### This code demonstrates a data preprocessing step in machine learning:
1. Splitting a dataset into training and testing sets for model evaluation. 
2. Save the split data into separate CSV files for further analysis or modeling.

#### Explanation
- Import Libraries. Import pandas for data manipulation and train_test_split from scikit-learn for splitting the dataset.
- Define File Paths. Define variables containing the file paths for the dataset, training data, and new data.
- Load Dataset. Load the dataset from the specified file path.
- Define Features and Target. Specify the columns to be used as features (X_columns) and the target variable (y_column).
- Split Dataset. Use train_test_split to split the dataset into training and testing sets. Here, 70% of the data is used for training (train_size=0.7).
- Output Information.

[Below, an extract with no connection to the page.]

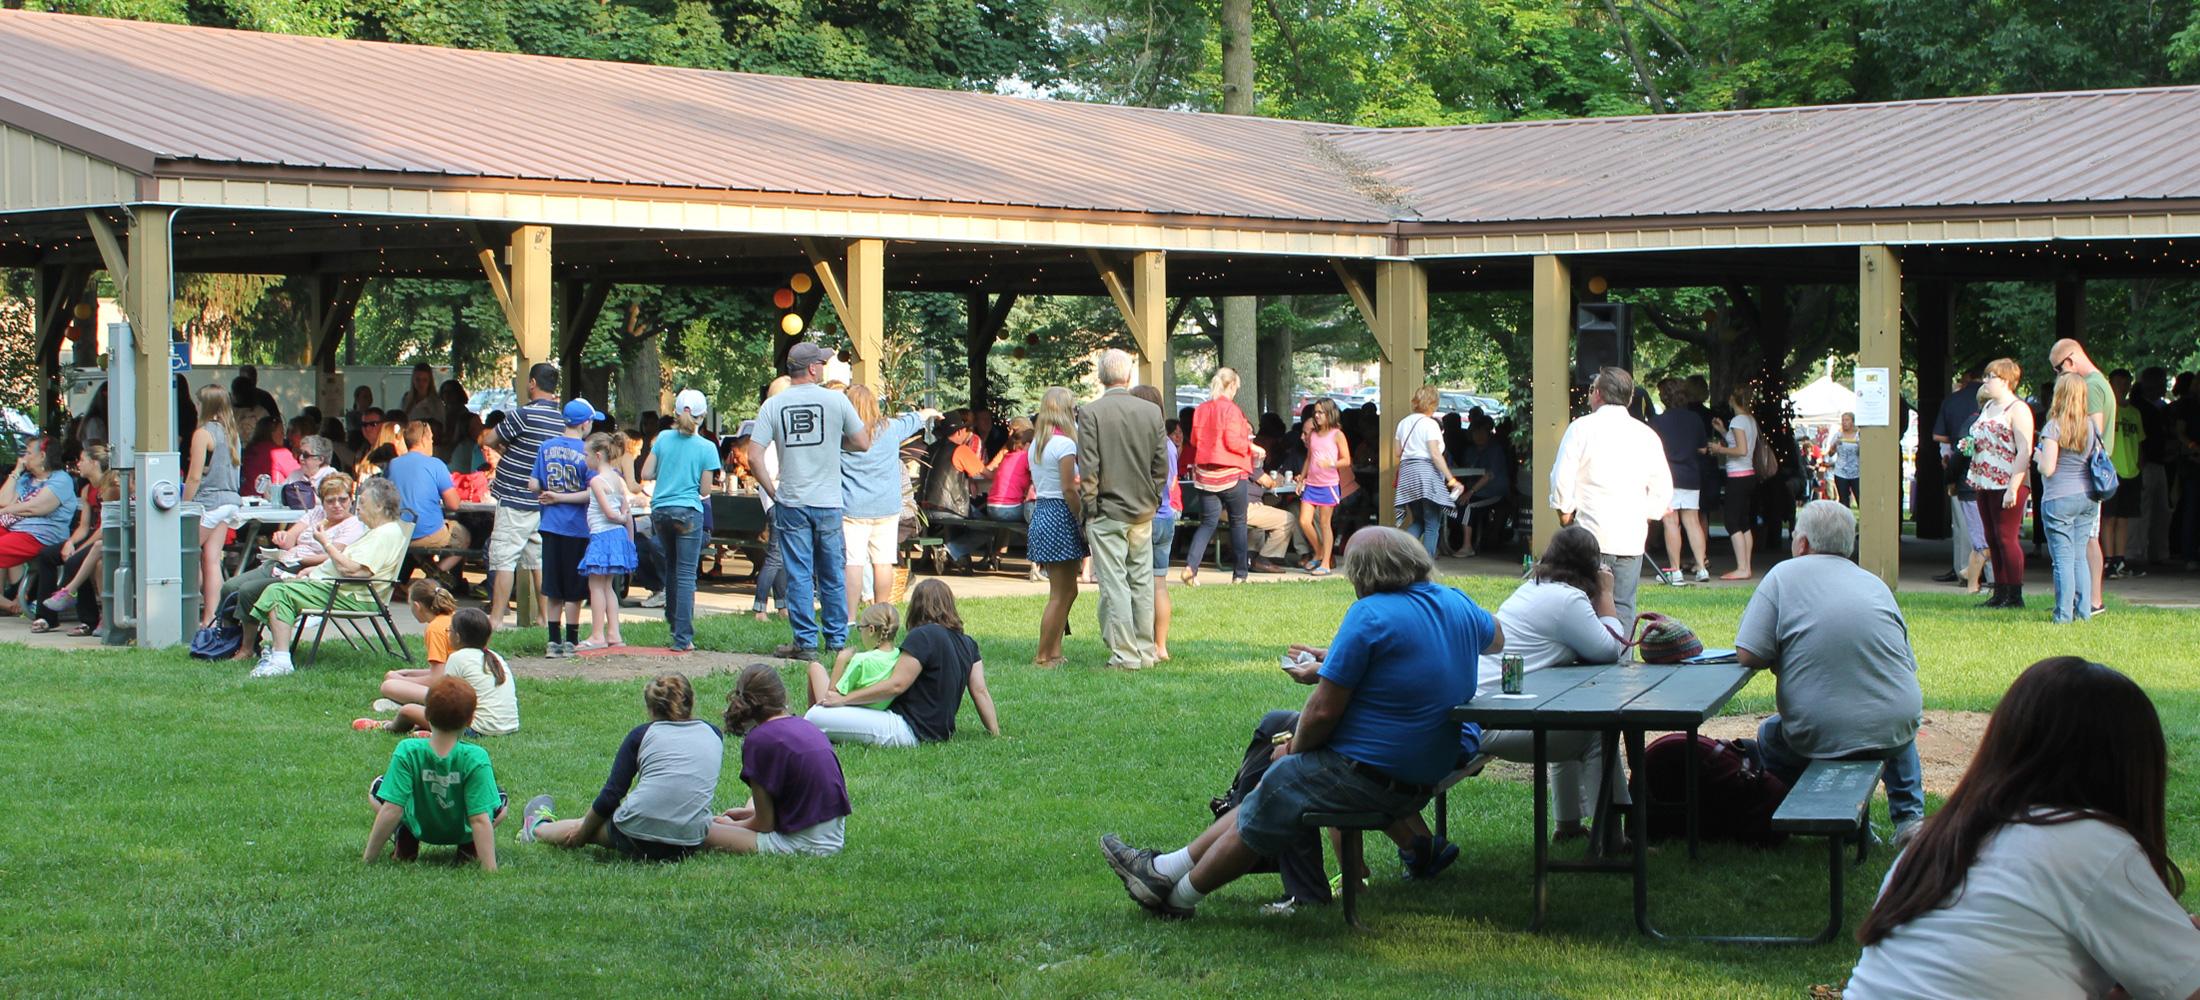 germantown-community-gathering

Print the shapes of the training and testing sets to check the size of the splits.
Write to CSV: Save the training and testing sets to CSV files at the specified file paths.

In [1]:
# import necessary libraries for i/o and split data
import pandas as pd
from sklearn.model_selection import train_test_split

In [3]:
# define file paths
data_file_path = "D:/programming/information-technologies-of-smart-systems/term-paper/data/Clean_Dataset.csv"
train_data_file_path = "D:/programming/information-technologies-of-smart-systems/term-paper/data/final/train_data.csv"
new_data_file_path = "D:/programming/information-technologies-of-smart-systems/term-paper/data/final/new_data.csv"

In [4]:
# read the whole dataset from a CSV file
ds = pd.read_csv(data_file_path)

In [5]:
ds.columns

Index(['Unnamed: 0', 'airline', 'flight', 'source_city', 'departure_time',
       'stops', 'arrival_time', 'destination_city', 'class', 'duration',
       'days_left', 'price'],
      dtype='object')

In [6]:
y_column = ['price'] # target variable
X_columns = ['Unnamed: 0', 'airline', 'flight', 'source_city', 'departure_time',
       'stops', 'arrival_time', 'destination_city', 'class', 'duration',
       'days_left']   # define the feature columns

In [11]:
# split the dataset into training and testing sets
X_train, X_test = train_test_split(ds, train_size=0.7)

In [12]:
# output the shape of the training set
print("Training set shape:", X_train.shape)

Training set shape: (210107, 12)


In [13]:
# output the shape of the test set
print("Training set shape:", X_test.shape)

Training set shape: (90046, 12)


In [14]:
# save the training data to a CSV file
X_train.to_csv(train_data_file_path, index=False)

In [15]:
# output the shape of the testing set
print("Testing set shape:", X_test.shape)

Testing set shape: (90046, 12)


In [16]:
# save the testing data to a CSV file (with only selected feature columns)
X_test[X_columns].to_csv(new_data_file_path, index=False)